Source systems store facts that are valid at the moment you look. Right after you retrieved a dataset, it might already be outdated because some process performed an update. So we have to keep it mind that we take snapshots of a dataset that are valid at snapshot time T.
According to a snapshot taken at march 11 09:11 we might calculcate an active customer base at end of period (EOP) Februari of 10.320 customers.
The next day we calculcate the exact same metric (base EOP februari), but now based on a snapshot taken at march 12 09:03.
This time the active base at EOP februari is 10319. How can it be possible that changes between march 11 and 12 have impact on the base of februari?
Various reasons can be hold responsible:
- updates with backwards effect: A cancellation was made undone at march 11. A customer called explaining that he did not want to cancel in the first place, so the order status was incorrect. Using some dirty trick the user made sure that the status was changed from aborted into successfully delivered. When looking at the snapshot of march 12 it looks like this customer never aborted in the first place
- Late arriving facts. At March 11 the supplier sends the information to the source system that some user was delivered at Februari 29.
2 concepts of time:
- Effective time ( synonyms: transaction time, recording time, snapshot time) is the time period during which a fact stored in the database is considered to be true. [https://en.wikipedia.org/wiki/Temporal_database]
Using above example we can say that the fact that base EOP februari = 10320 was true from march 11 09:11 till march 12 09:03
- Valid time is the time period during which a fact is true with respect to the real world. [https://en.wikipedia.org/wiki/Temporal_database]
The valid time for the above scenario would be never for EOP februari = 10320 and always for EOP februari = 10319. However this was known to us only at march 12 09:03.
Usïng two notions of time we can answer questions like: why has the active base EOP februari changed since the last time I looked.
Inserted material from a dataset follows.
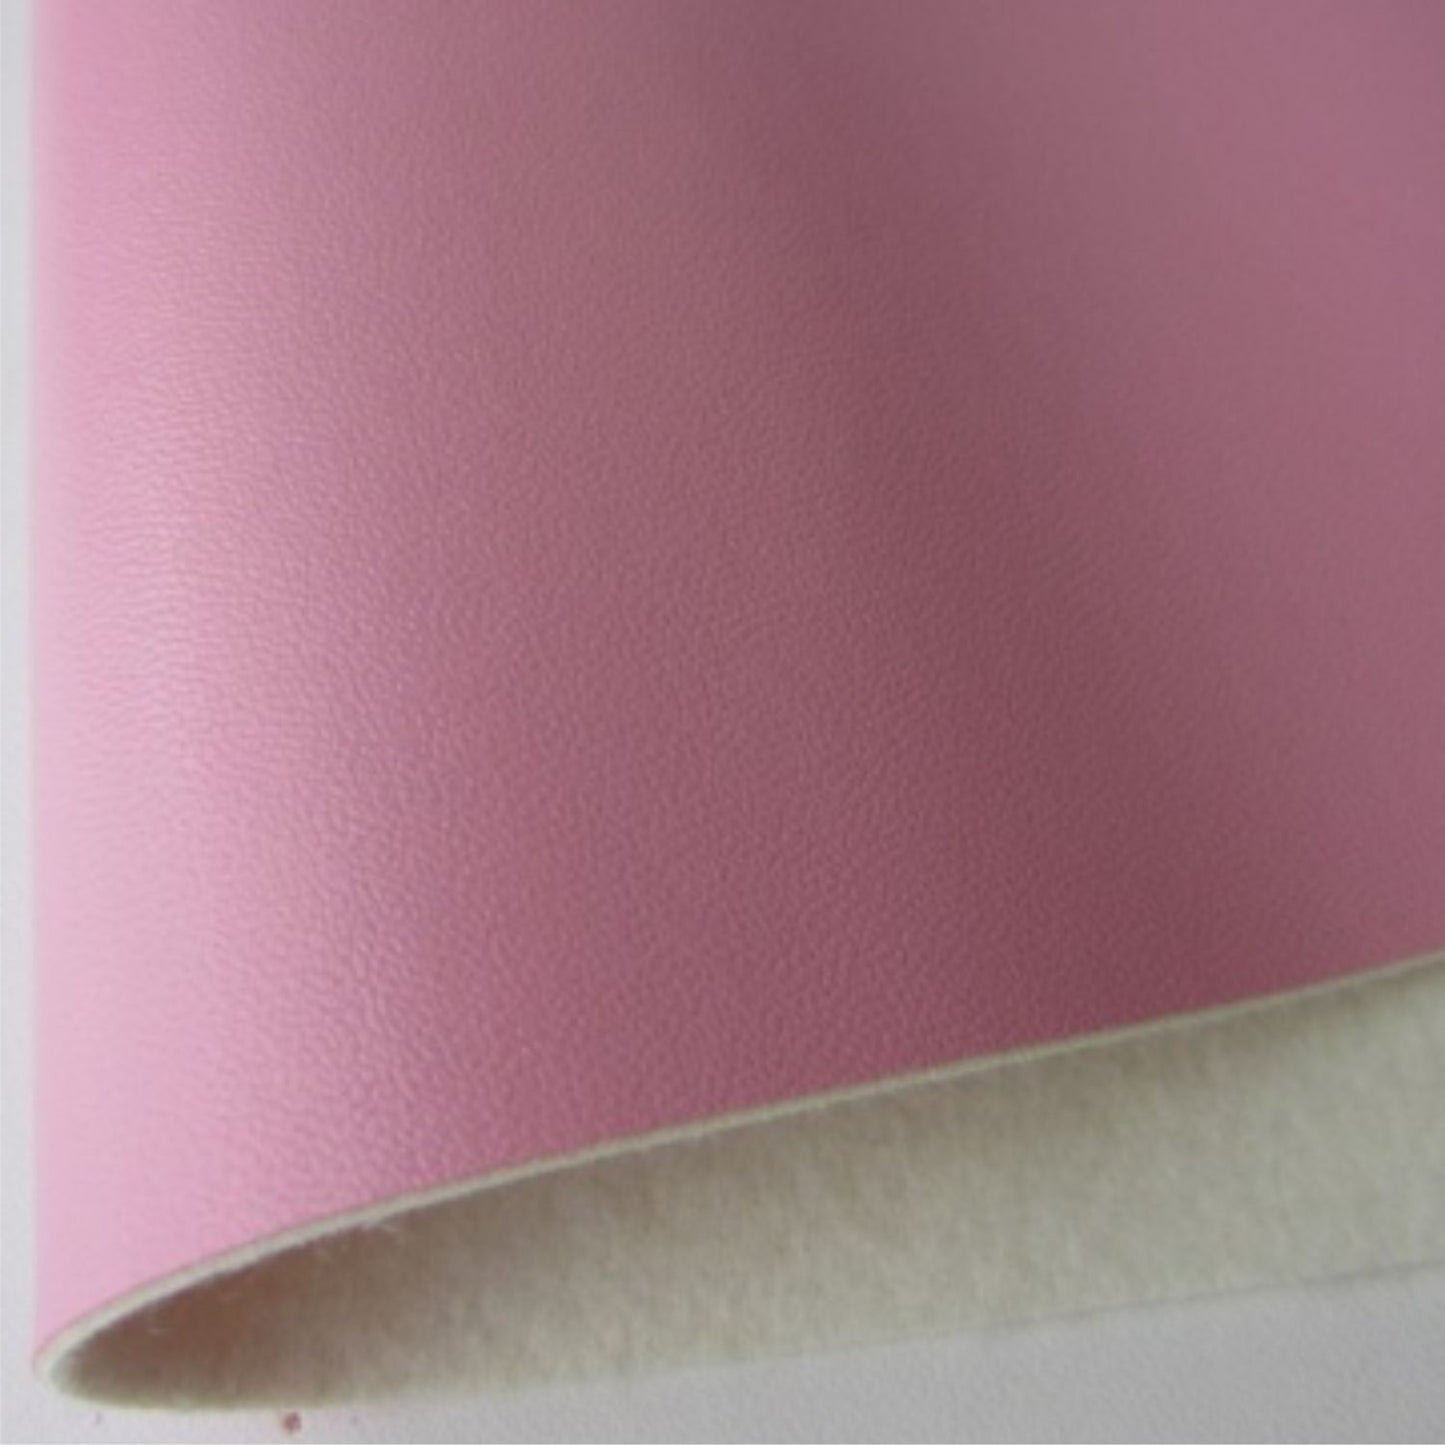 Bubble Gum Pink Smooth Fabric Synthetic Faux PU Leather 11.75in x 12in Sheets - CraftCutterSupply.com

Implementation[table “” not found /]
Using historization for an object or not should not influence the way it is used. When we don’t apply historization dbo.<object> just points to a table with no history. In this case there is no his.<object> table.
99 % of the cases we just want to query the latest view. But in case we want to answer questions like above we can query the his.[object] table. It will show the changes that happened on March 11. Usually this is enough to answer the question.
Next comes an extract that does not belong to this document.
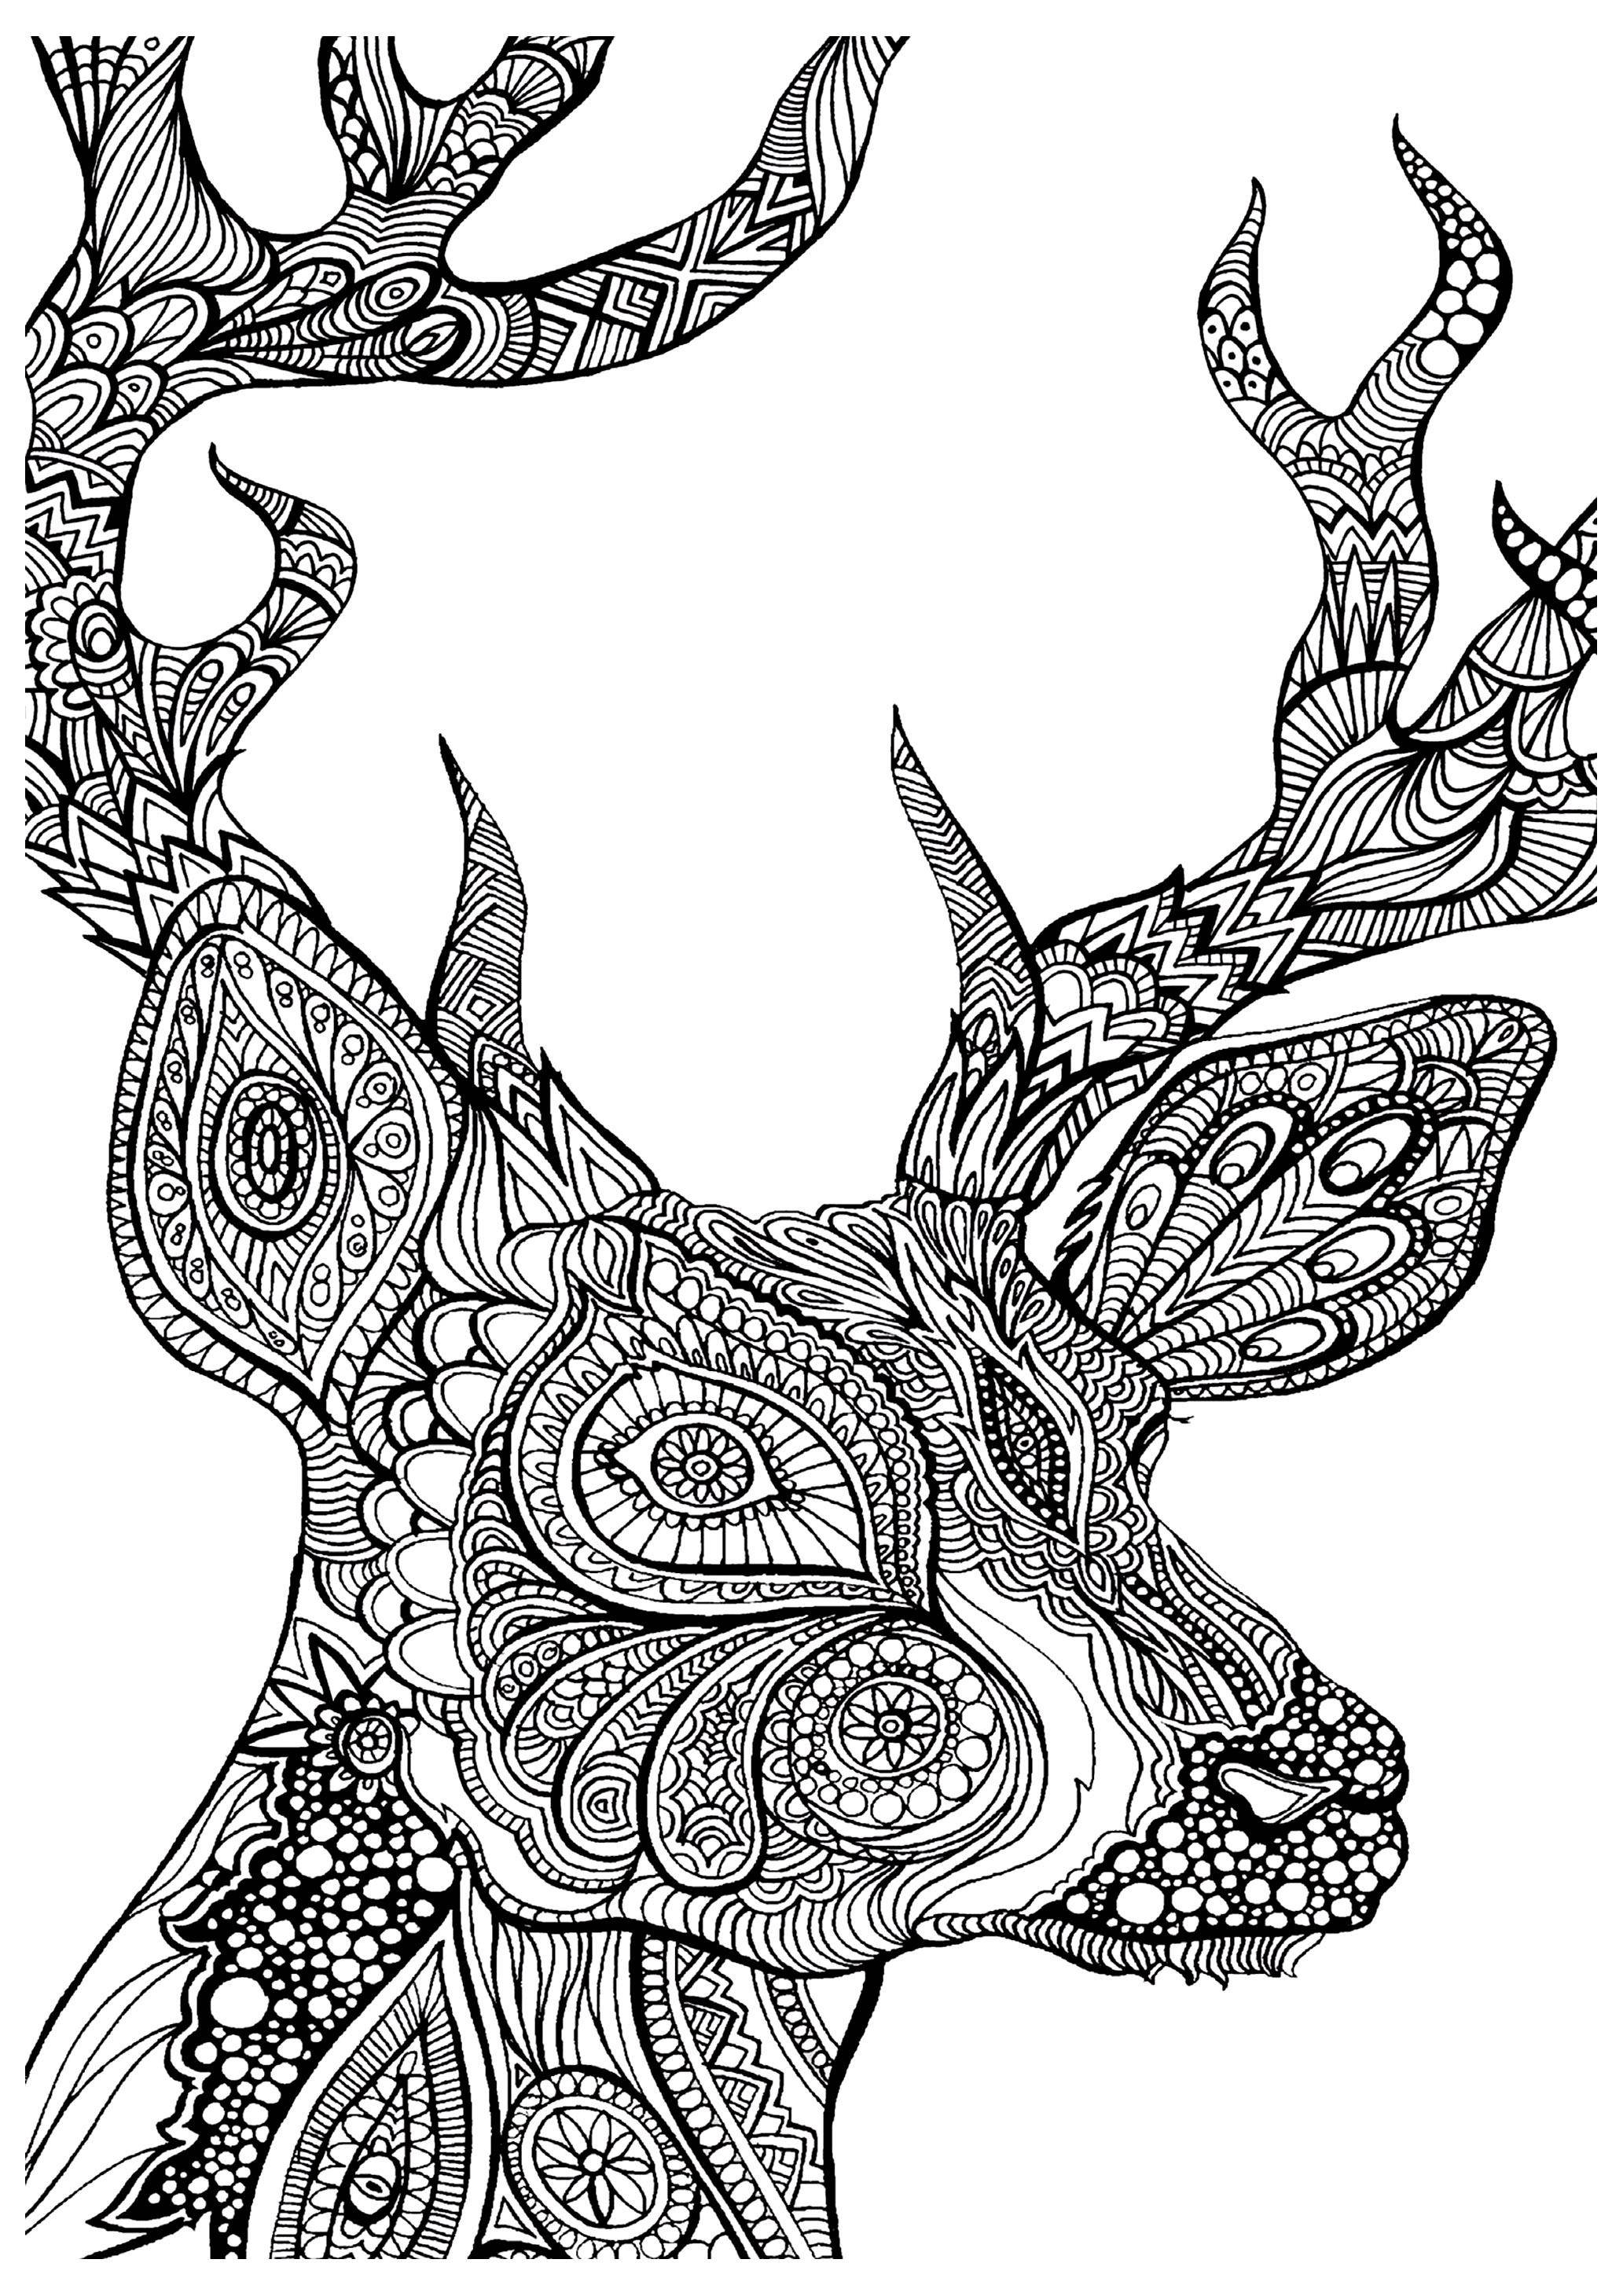 Coloring Deer in the patterns. Category Animals. Tags:  Animals, patterns.

[His-1] Datamarts only contain latest data.
Depending on your domain history might not be required in the Datamart and might only slow things down and make querying more complex. That’s why we choose not to include history in the datamart.
[His-2] Delete detection
We want to identify deleted records. Instead of deleting these records in his.[object] we choose to set the delete_dt record. The latest view filters out these records. But when performing an investigation we can look into his.[object] to find deleted records.